The process described for sampling a signal is effectively reversed when going from discrete to continuous time, and we first focus on generating an idealized continuous time sampled signal (weighted pulses spaced by $T$) from the discrete time sampled signal (sequence in $n$). The continuous time sampled signal then can be fed through continuous time LPF filters that represent various real-world interpolation methods to generate the re-created signal.
Discrete to Continuous Conversion
The impulse train can then be recreated for each discrete sample. That is
$$
\begin{align}
y_p(t) = \sum_{n=-\infty}^{\infty} y_d[n] \delta(t-nT)

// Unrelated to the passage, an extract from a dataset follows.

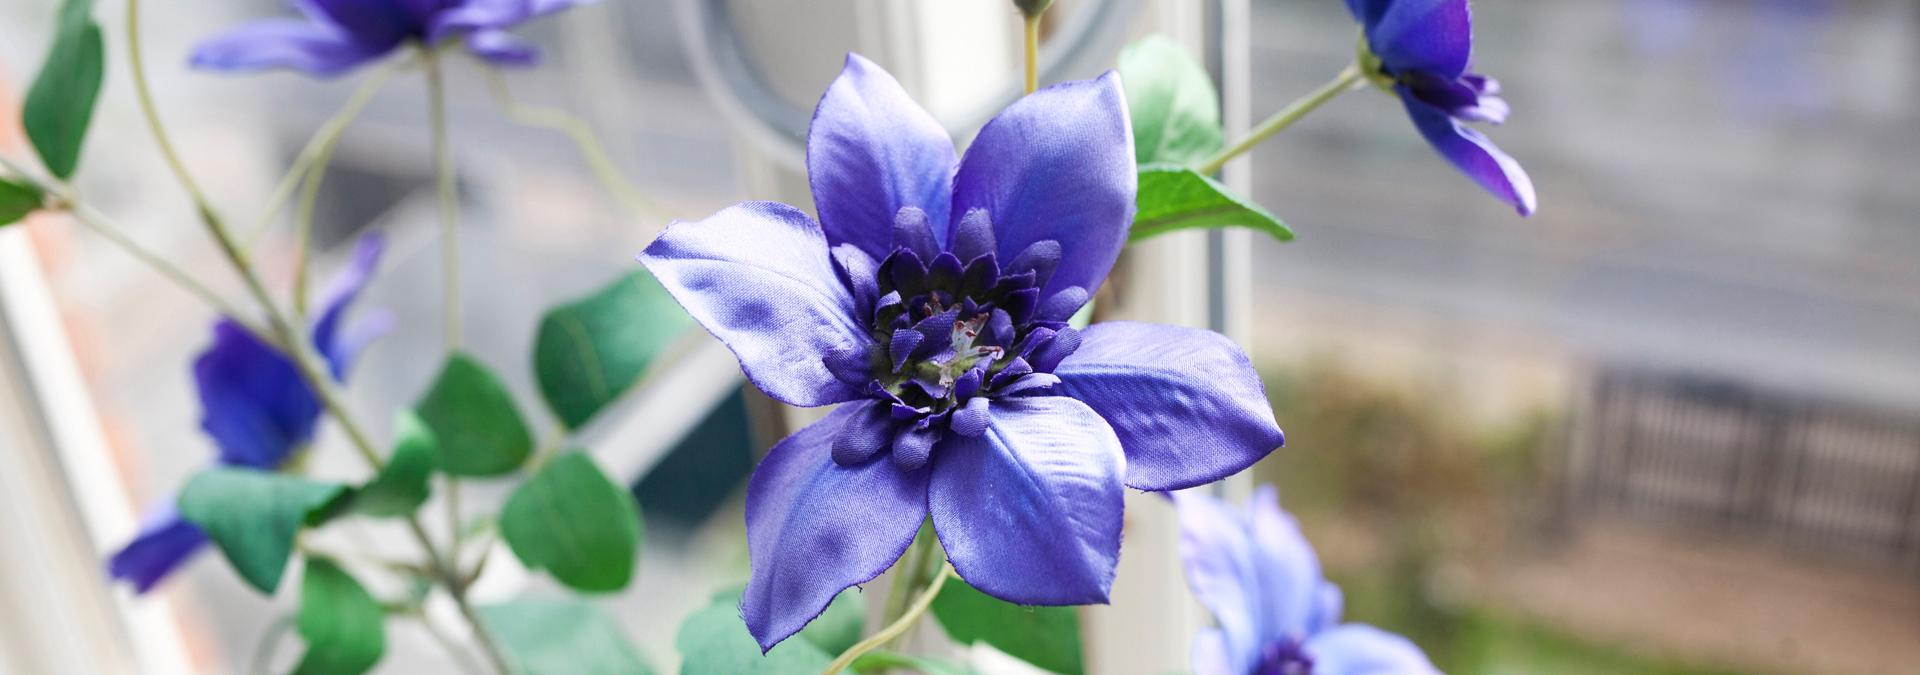 Blå blomst i vindue på krisecenter

&\stackrel{\mathcal{F}}{\leftrightarrow}
Y_p(j \omega) = \sum_{n=-\infty}^{\infty} y_d[n] e^{-j \omega n T} \\
\end{align}
$$
The discrete sample signal frequency response $Y_d$ will repeat every $2\pi$ in the $\Omega$ domain as any discrete signal would. We also know that the output continuous signal frequency response $Y_p(j \omega)$ will repeat in the $\omega$ domain relative to the output sampling frequency $\omega_s = 2 \pi / T$, and so $\Omega = \omega T$ still holds as a viable comparison between $\Omega$ and $\omega$ domains.
This pulsed output signal $Y_p(j \omega)$ contains information of the single desired result we want in the continuous domain, which we can denote as the idealized $Y_c$ which is repeated every $\omega_s$ in the $\omega$ domain and scaled.
$$
\begin{align}
Y_p(j \omega) &= \frac{1}{T} \sum_{k=-\infty}^{\infty} Y_c(j(\omega – k \omega_s)) \\
\end{align}
$$
From this, we can see that to accurately recreate $Y_d$ in continuous time, the ideal filter applied to $Y_p$ scales all signals $0 < |\omega| < \omega_s / 2$ by $T$, and all other frequency information is removed. This idealized interpolation method is explored further below.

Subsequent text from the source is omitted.